The individual narratives about the causality of weight gain and body size in the life stories of people with larger bodies are formed by these experiences of being in the world, as a part of society, in relationships and in meetings with health care workers and us as researchers (Warin & Gunson, 2013), all representing a variety of different understandings and narratives of body size and the causality of weight gain (Jebeile et al., 2022; Sholl & De Block, 2024).
Employing a narrative phenomenological–hermeneutical framework, our main aim in this qualitative study was to explore how people with larger bodies seeking treatment for ‘obesity’ understand and experience their weight development in a life-course perspective. How do they narrate about their weight history in the context of recent participation in a behavioral lifestyle intervention aimed at weight loss, and were there challenges in narrating about their weight development?
While the understanding and causality of ‘obesity’ or larger body size are negotiated and researched in the medical field and society, the insider perspective exploring people with larger bodies’ understanding of their weight development is scarce in research literature (Ekman, 2018; Farrell et al., 2021). A qualitative synthesis by Farrell et al. (2021) summarizing findings from individuals with larger bodies’ understanding of their weight gain identified only three studies on this topic (Bell et al., 2017; Owen-Smith et al., 2014; Smith & Holm, 2011). The most prominent causes put forward in these studies were early life experiences of trauma exposure, lack of love, negative emotional states, and eating for comfort (Farrell et al., 2021). Genetic factors, physical environments, and psychiatric medication were mentioned by some participants, but less frequently than the psychological aspects (Farrell et al., 2021). Grannell, le Roux, et al. (2021) likewise found that few patients interviewed at a tertiary ‘obesity’ clinic mentioned biological determinants when asked about their beliefs on the causality of having a larger body, while lifestyle, diet, and limited exercise were the most prominent causes reported, together with adversities resulting in emotional eating. To summarize, the most prominent causality stories about having a larger body from these qualitative studies are about the function of food in regulating or numbing emotions caused by traumatic relational experiences.

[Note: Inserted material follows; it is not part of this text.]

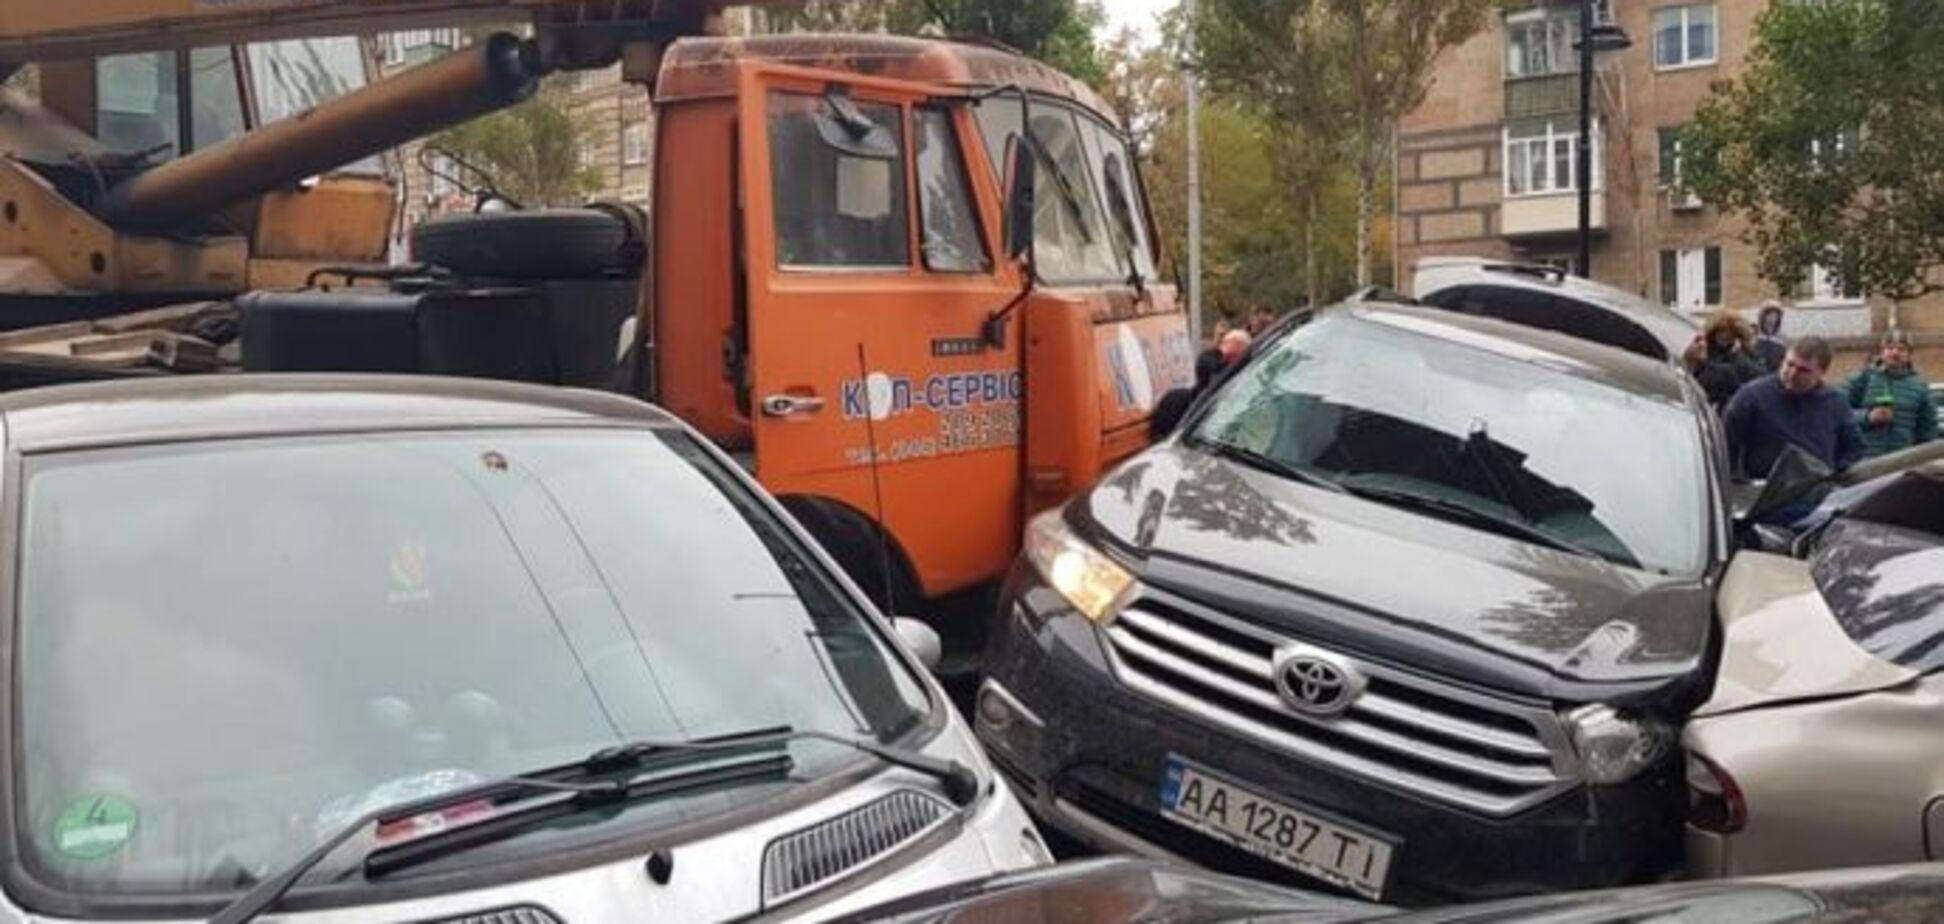 Місиво з 19 авто у Києві: адвокат сказав, хто заплатить потерпілим

A few recent studies from treatment contexts have more broadly explored how people with larger bodies narrate about experienced causes of weight gain. A Swedish study from a group treatment setting found that the participants showed a strong need “to explain why they had ended up where they were (having a larger body)” while this was not the explicit topic of their study (Imhagen et al., 2023). The researchers describe the interviews as an ambivalent process in which the participants expressed a sense of personal responsibility for gaining weight, while at the same time a need to explore or justify why. Some of their participants also explicitly stated that they found it hard to figure out or narrate about why they had gained weight (Imhagen et al., 2023). These findings illustrate the challenging narrative process of being both a subject and an object when exploring body size, as well as what could be interpreted as a need to defend oneself against weight stigma related to the individual responsibility framing of body size. Another qualitative study from the United Kingdom likewise highlighted how people undergoing bariatric surgery narrated their weight story to resist the construction of their higher body weight as being an individual failure. The paper discusses how their stories might be shaped as a response to societal views framing ‘obesity’ as a lack of willpower and motivation for acquiring healthy habits (Throsby, 2007). These findings show the tension between experienced powerlessness and feelings of responsibility when narrating life with a larger body. Ekman (2018) explored how people formulated their explanations for having a larger body despite repeated weight loss attempts. She introduced the terms “cause and problem shifting.” The terms refer to participants narrating overeating as grounded in underlying problems or being a symptom of something else not addressed in the weight loss interventions. The narratives engaged most vividly in exploring the functional aspects of eating, such as dealing with painful feelings or filling an existential void. Further, the participants found the ‘obesity’ interventions or diets contributing to their problem by being impossible to adhere to and finally resulting in loss of control, or the diet reprogramming biological mechanisms enhancing weight gain. Despite this, self-blame and personal responsibility framings were part of all the narratives (Ekman, 2018).
Further, Luig et al. (2020) have studied how people with larger bodies may negotiate and change their narrative about weight, body, self, and coping through clinical dialogues with health care professionals. They highlight how this co-creation of new narratives could lead to transformative moments, agency, and tangible health outcomes for the individuals (Luig et al., 2020). This co-creating of narratives would also take place during qualitative research interviews exploring understandings of weight gain and related factors, although taking a more explorative and less intervening form. Warin and Gunson (2013) discussed how in qualitative studies “cultural meanings associated with obesity are silenced and negotiated in the research process” and also how the relationship between the bodies of the informant and researcher might impact the communication and meaning-making. They argue that the limited amount of qualitative research about the experiences of living with larger bodies might partly be due to the challenges researchers face in conducting these studies (Warin & Gunson, 2013). A practical consequence of their discussion could be the need for reflexivity and not becoming a silent and invisible researcher in qualitative studies on weight and body size.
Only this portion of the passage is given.